In the listing that follows, find the line with "NETZSCH Analyzing &", then copy exactly from it through the line with "person biking on road during daytime", leaving out every picture.

## Available data
++++++
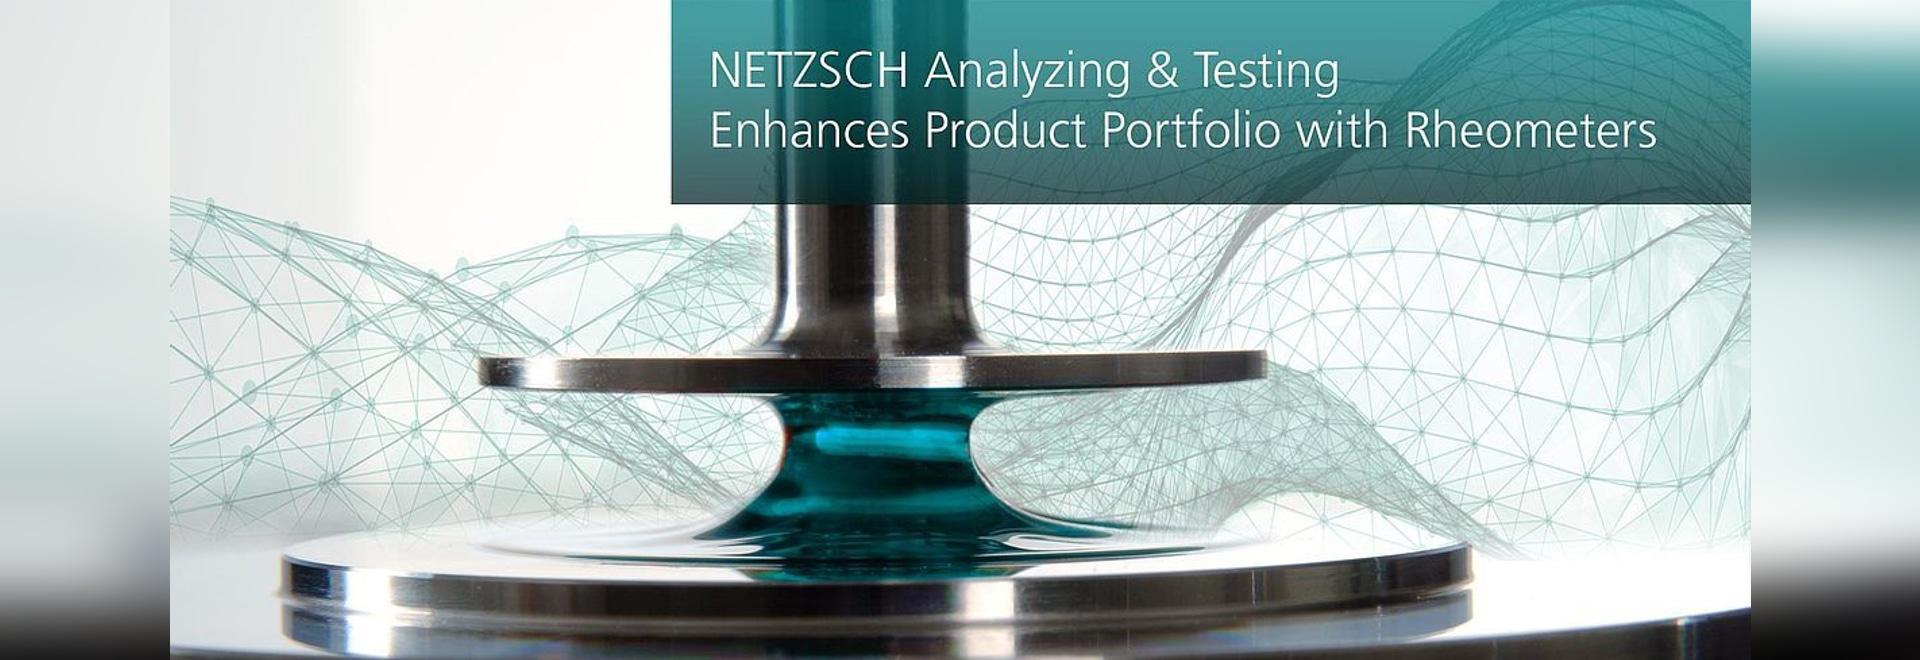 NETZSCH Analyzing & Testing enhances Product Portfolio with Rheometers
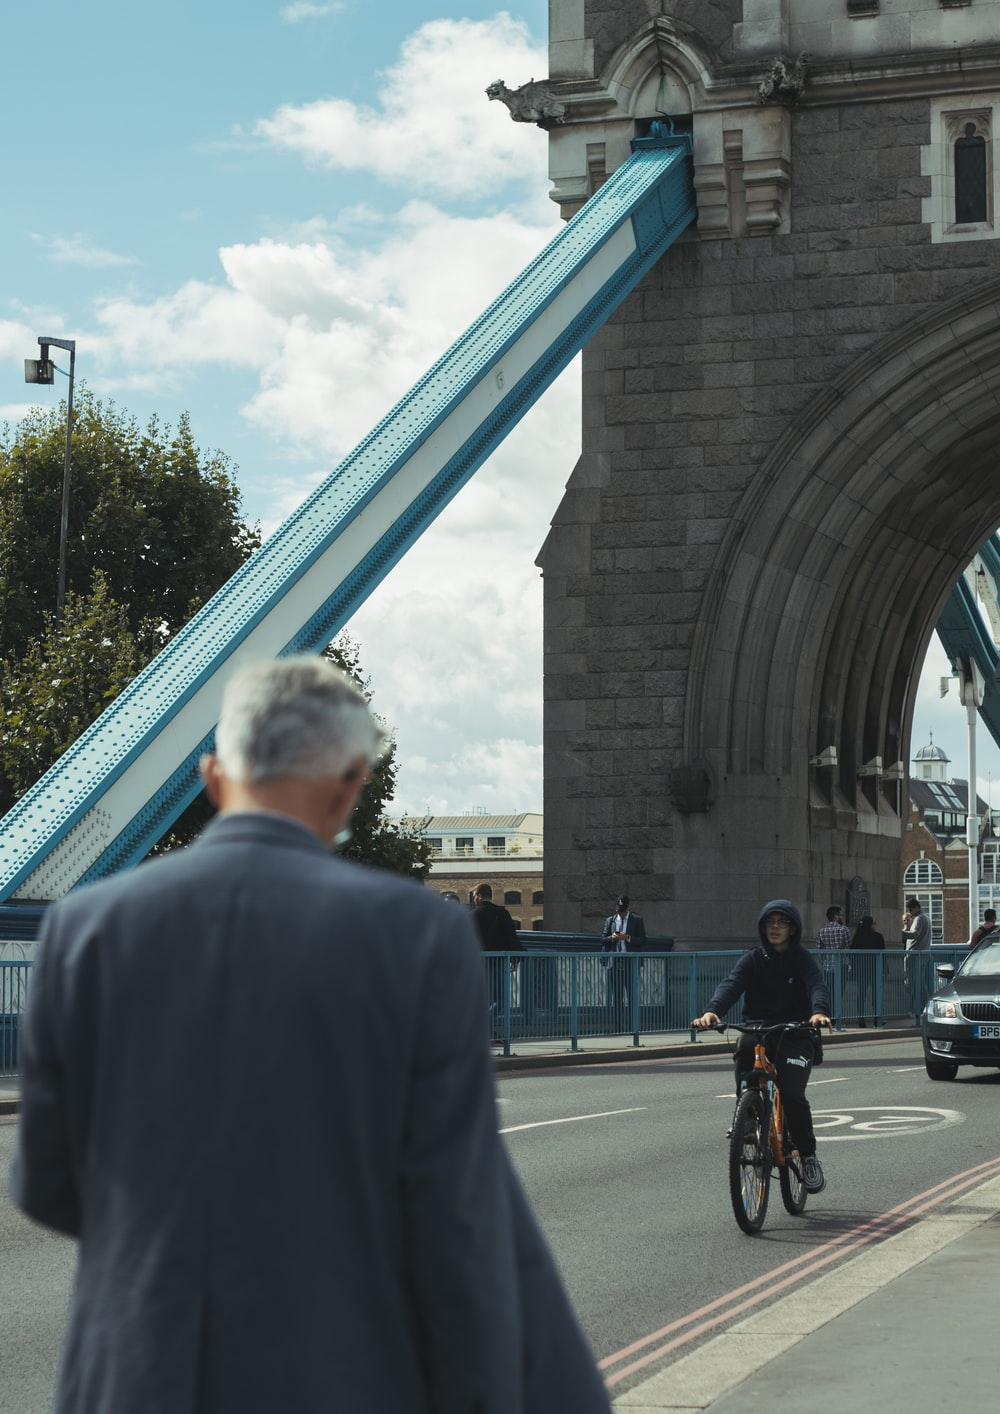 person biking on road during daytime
++++++
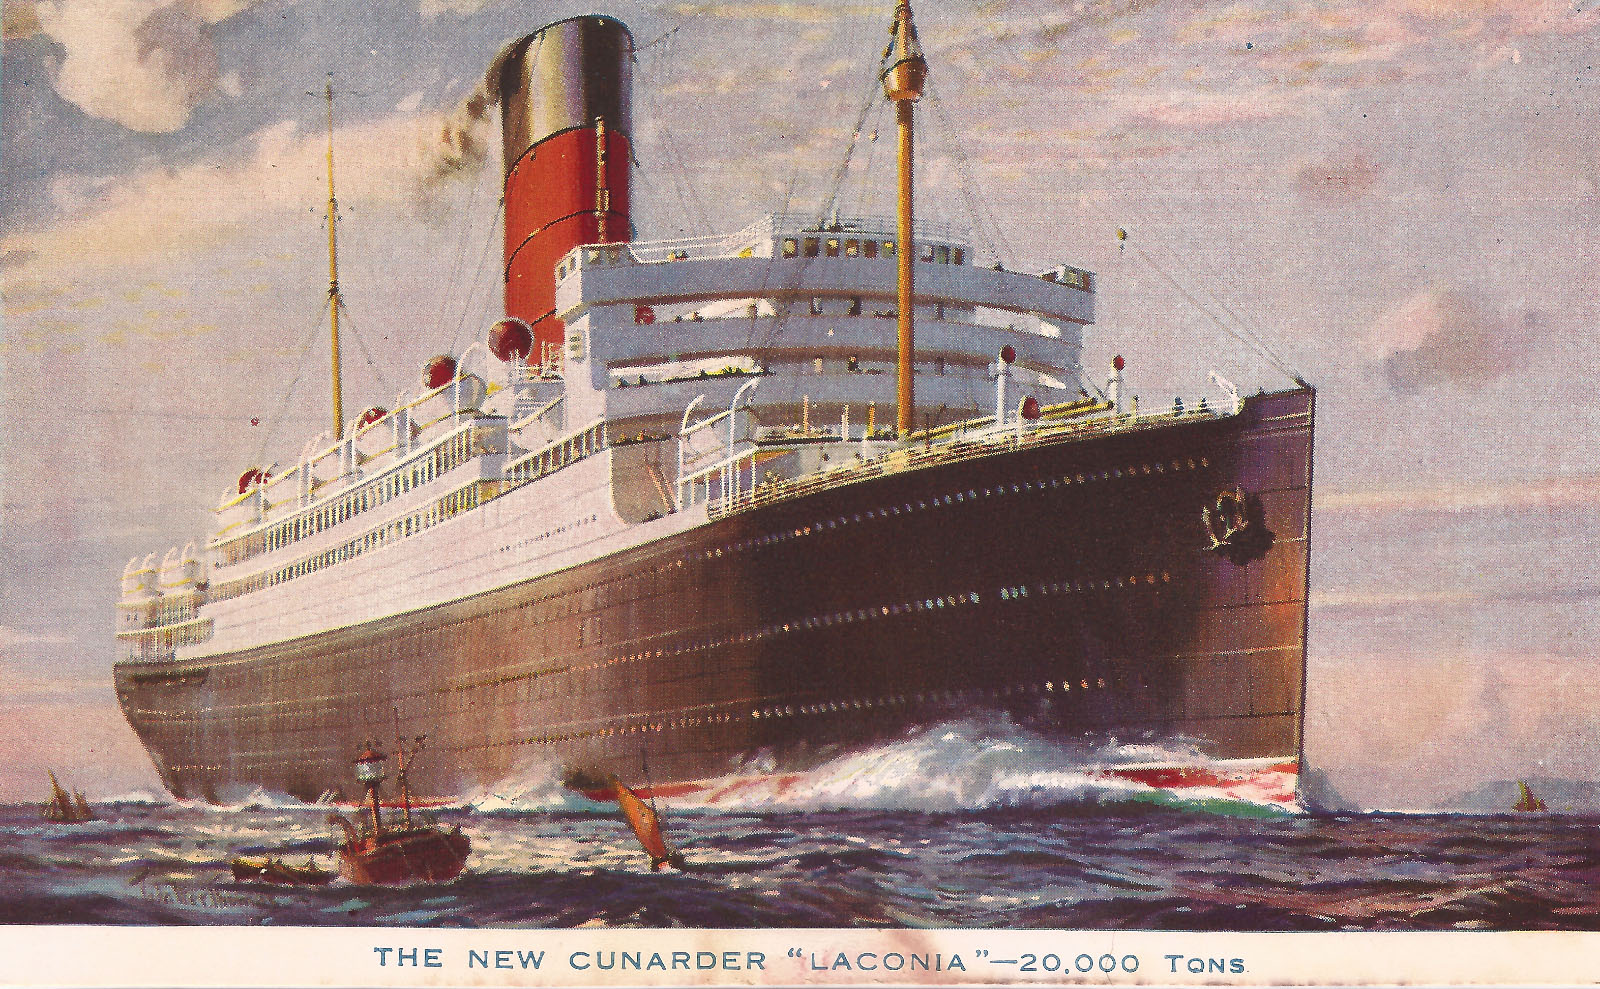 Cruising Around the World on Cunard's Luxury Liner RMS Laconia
++++++
## Solved problem
 NETZSCH Analyzing & Testing enhances Product Portfolio with Rheometers
 person biking on road during daytime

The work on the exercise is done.